> [WORK TO COMPLETE]
Please give the listing again in full, leaving out its images.

> [INPUT FOR THIS TASK]
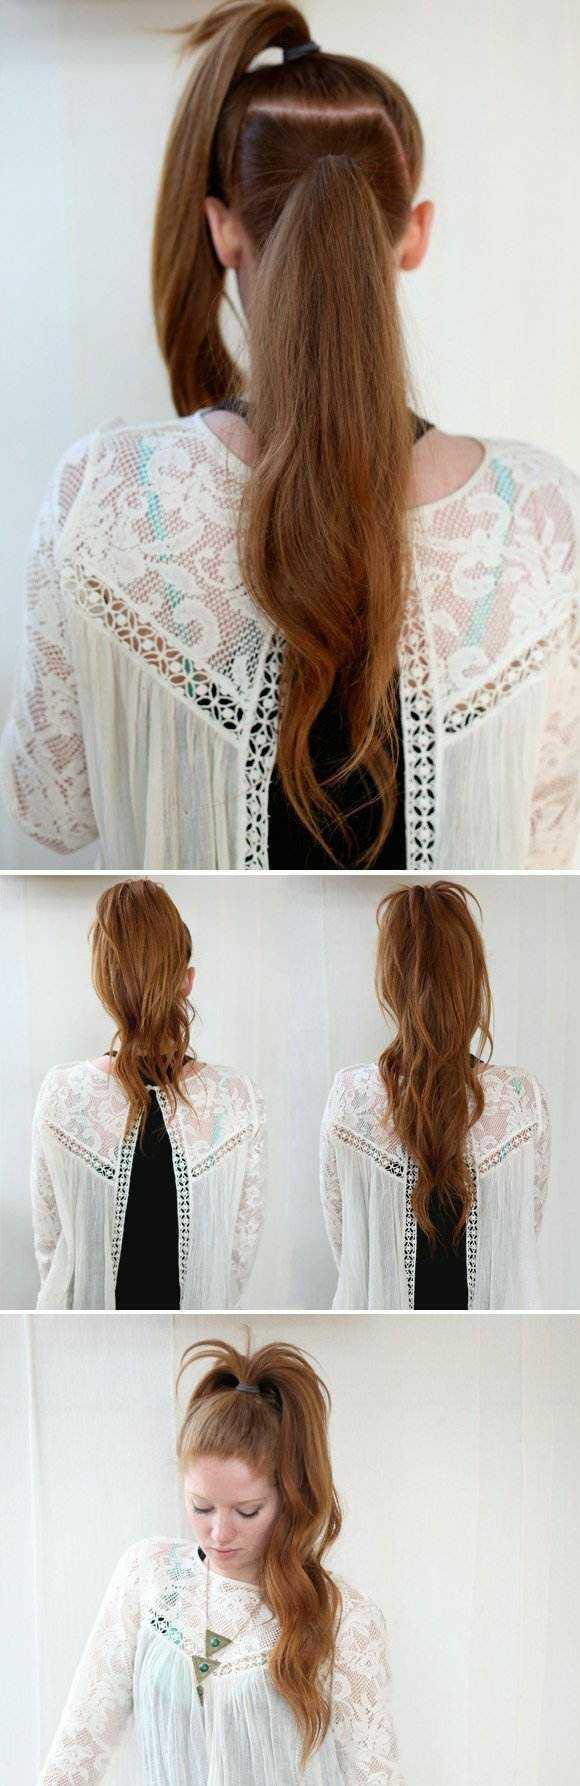 peinados rapidos ideas creativa peinado interesante
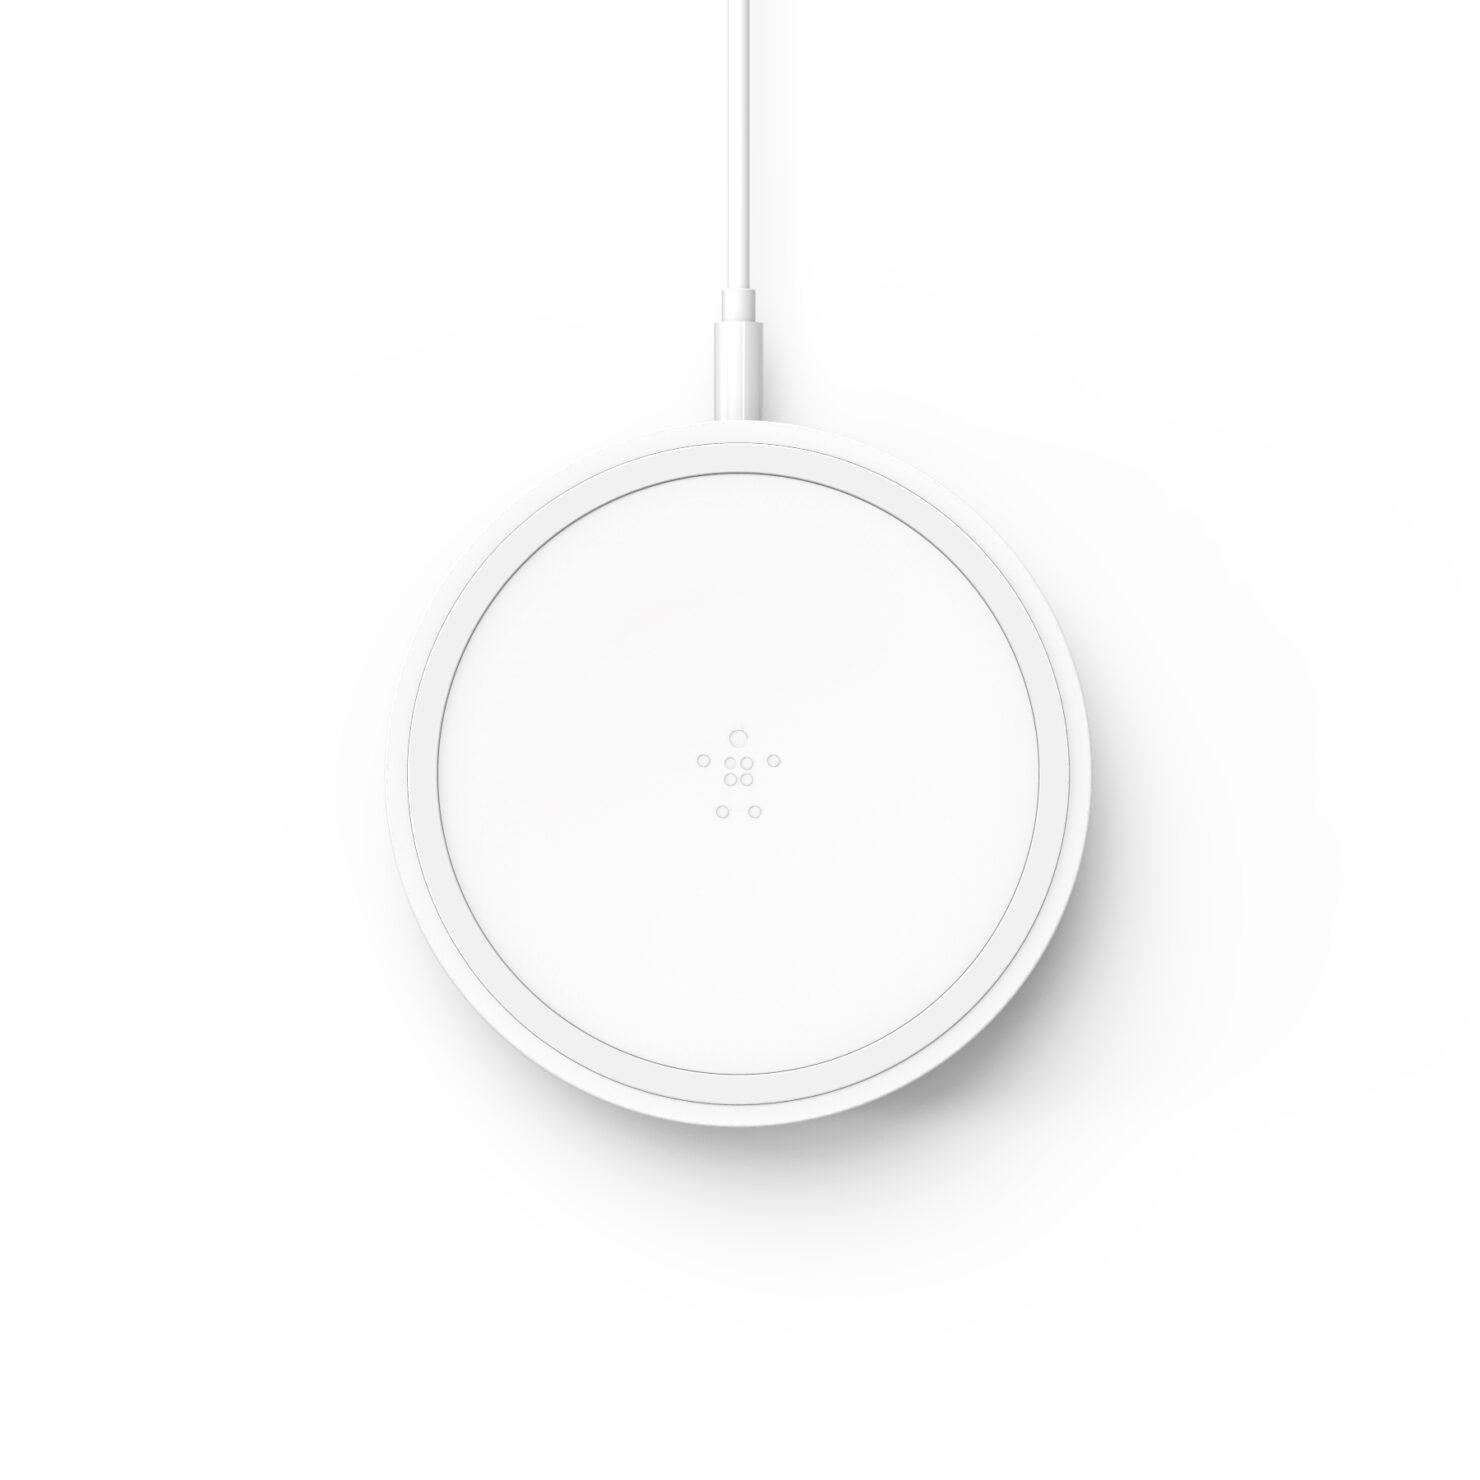 bold_charging_pad_product_2
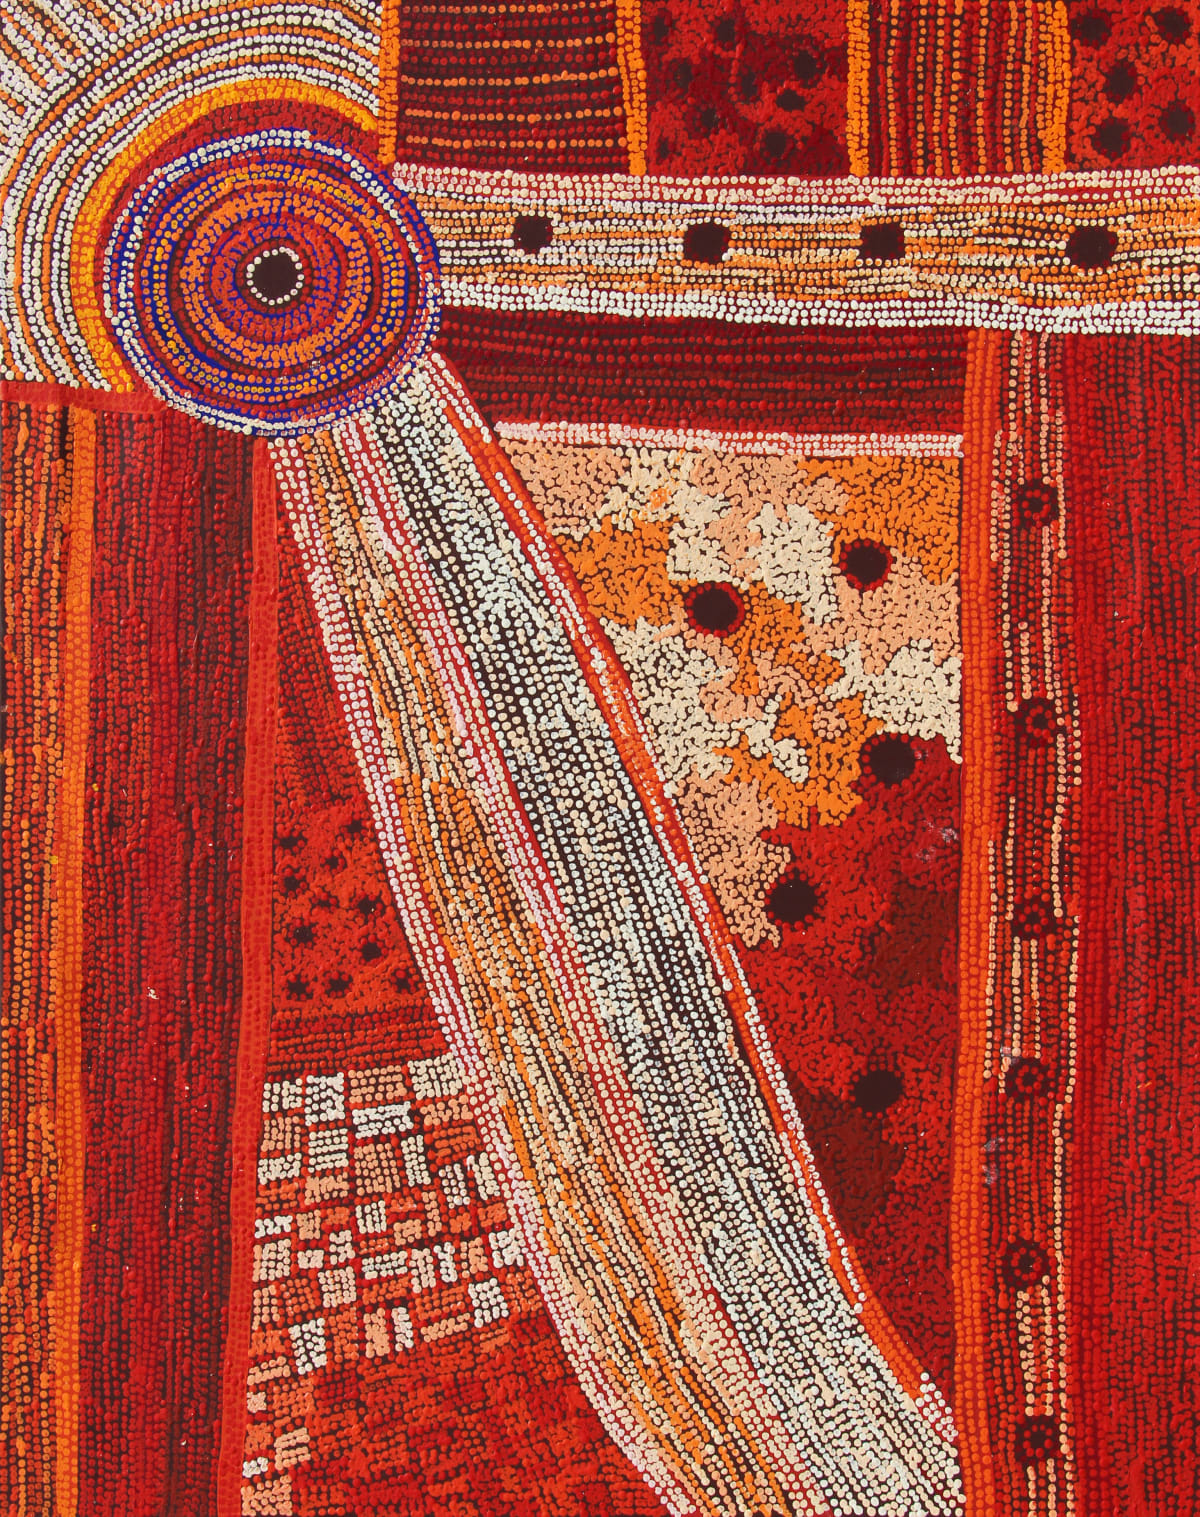 Raylene Walatinna Ngayuku Ngura (My Country), 2019 Acrylic on Linen 122 x 152cm
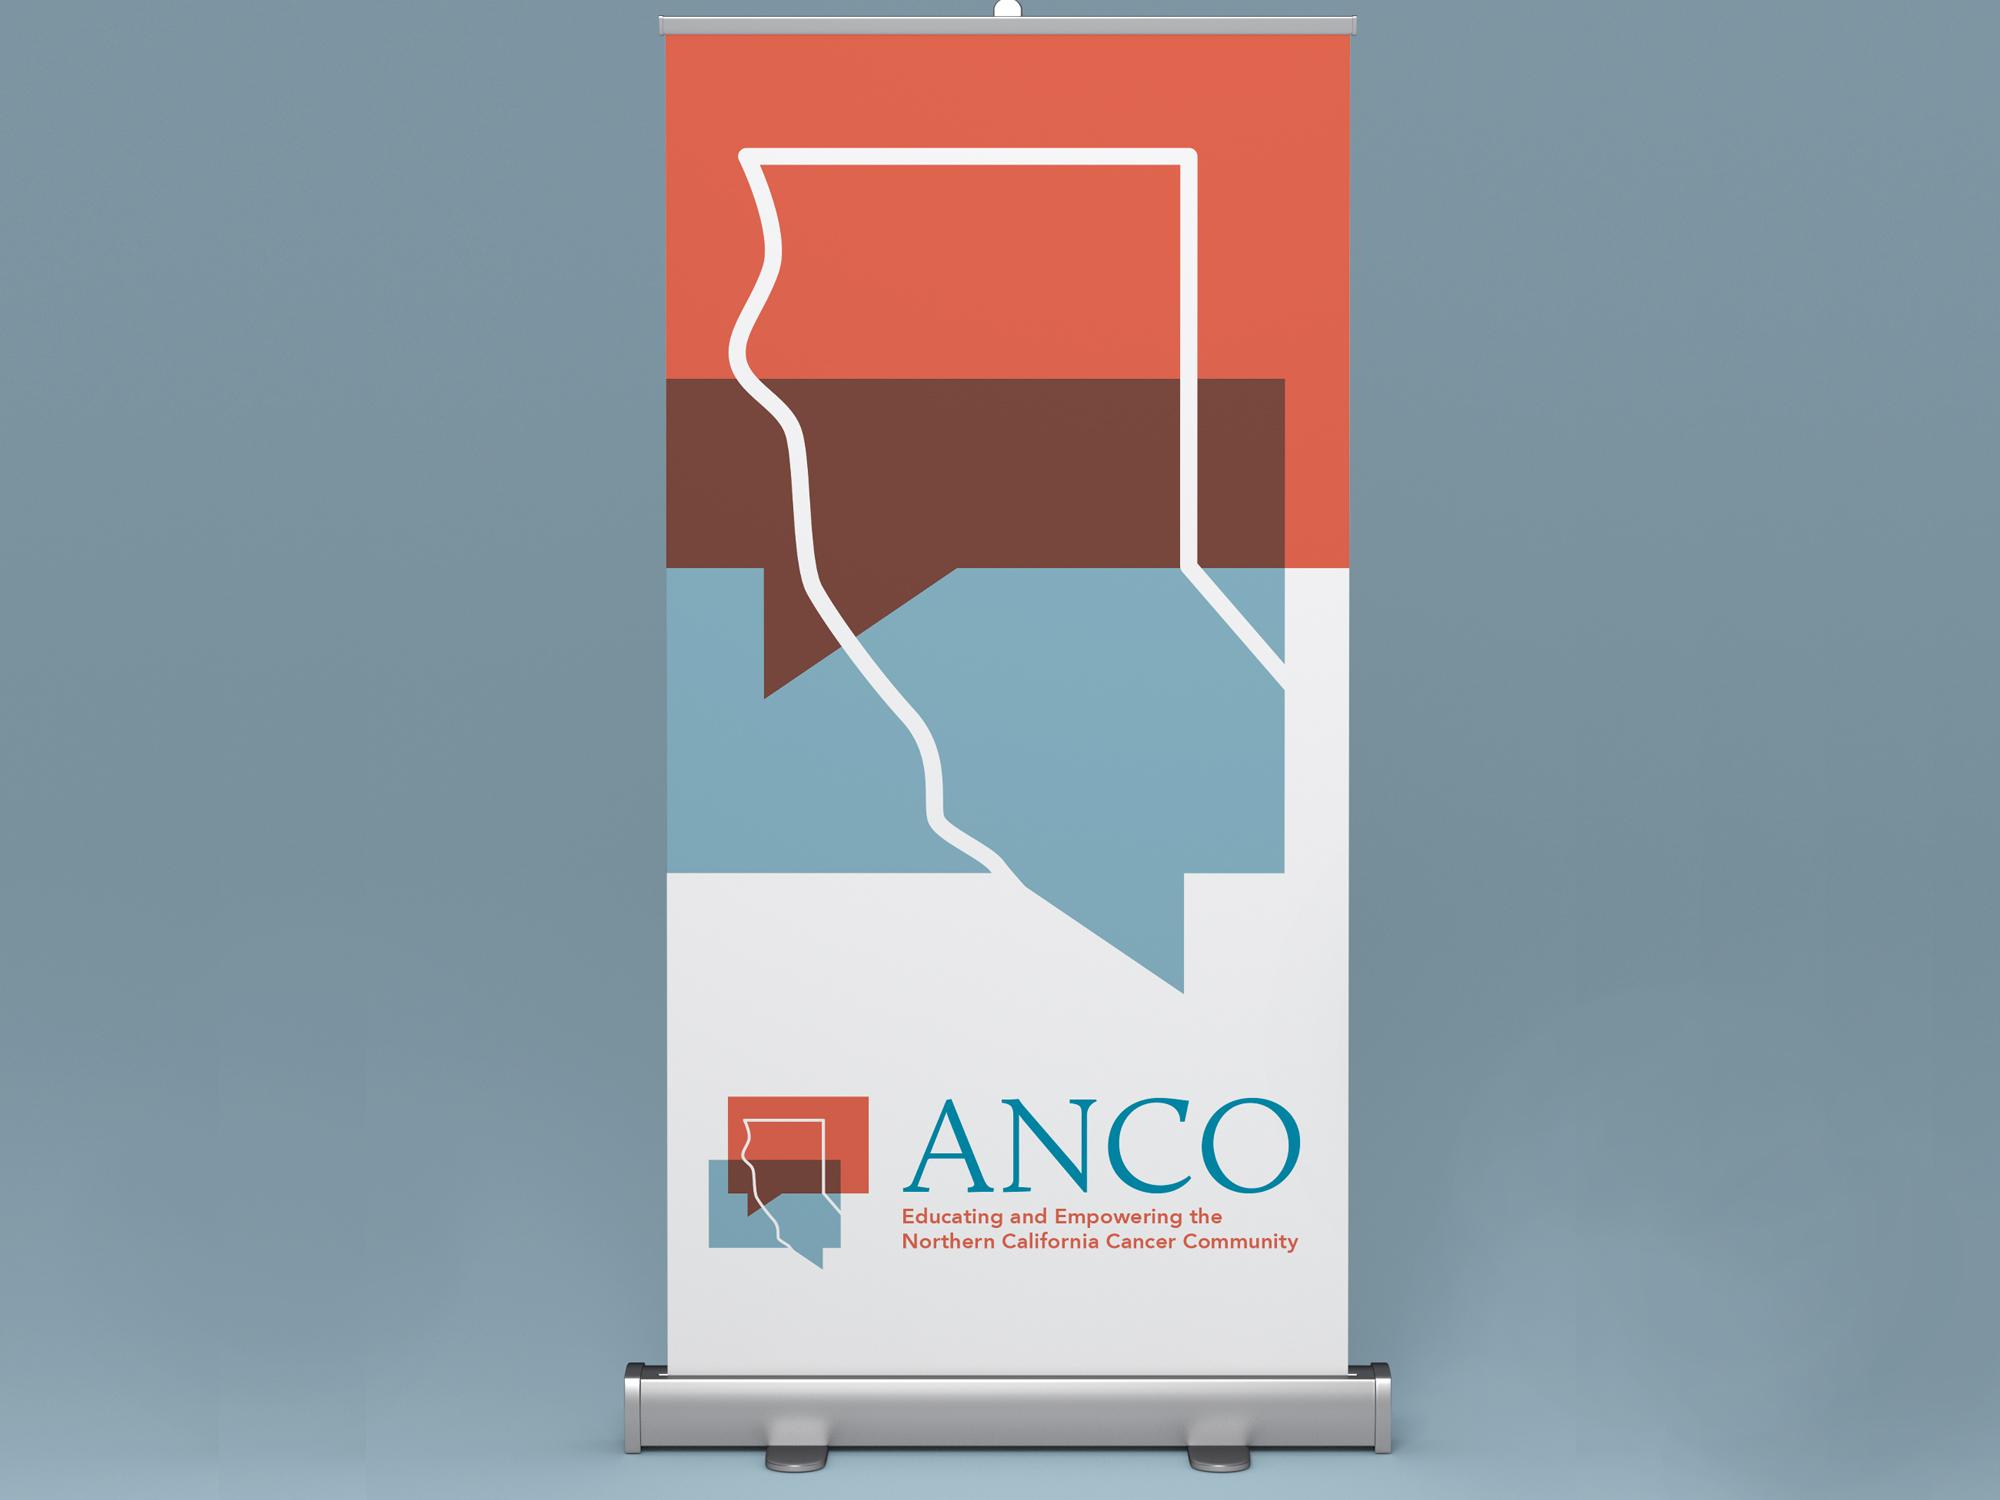 anco-banner
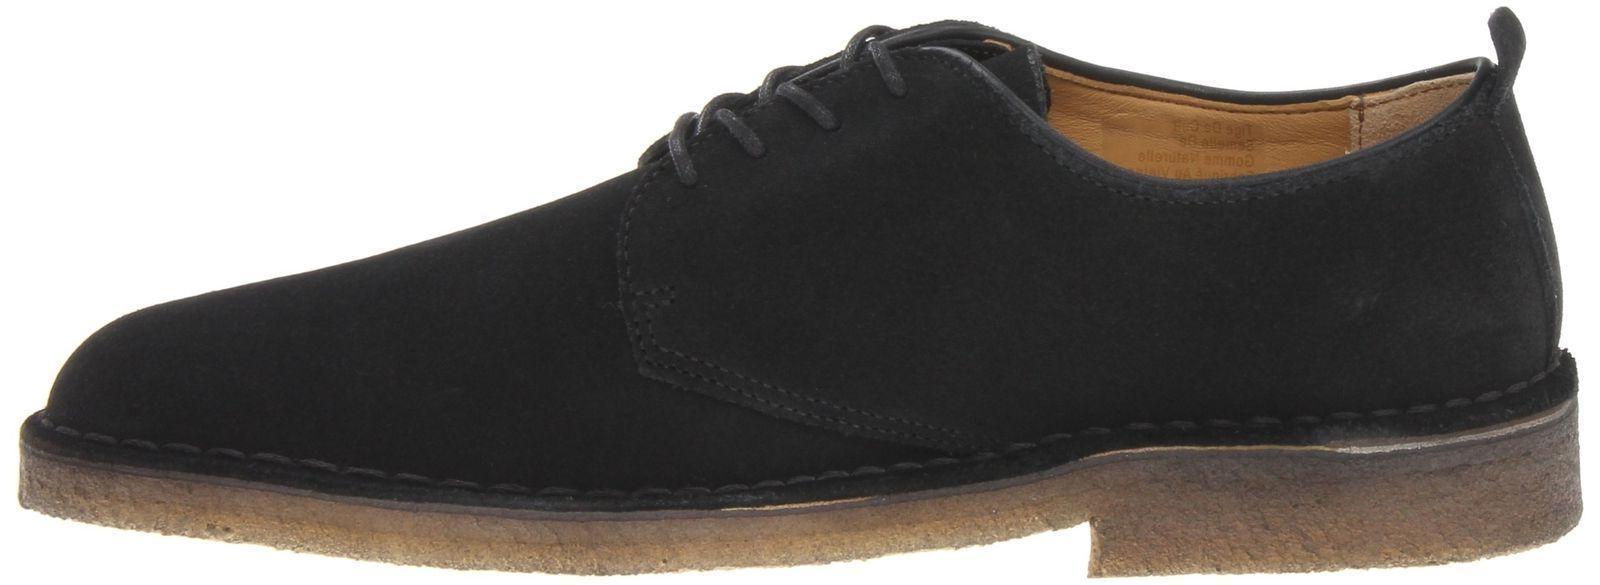 Clarks Originals Shoes

> [TASK RESPONSE]
 peinados rapidos ideas creativa peinado interesante
 bold_charging_pad_product_2
 Raylene Walatinna Ngayuku Ngura (My Country), 2019 Acrylic on Linen 122 x 152cm
 anco-banner
 Clarks Originals Shoes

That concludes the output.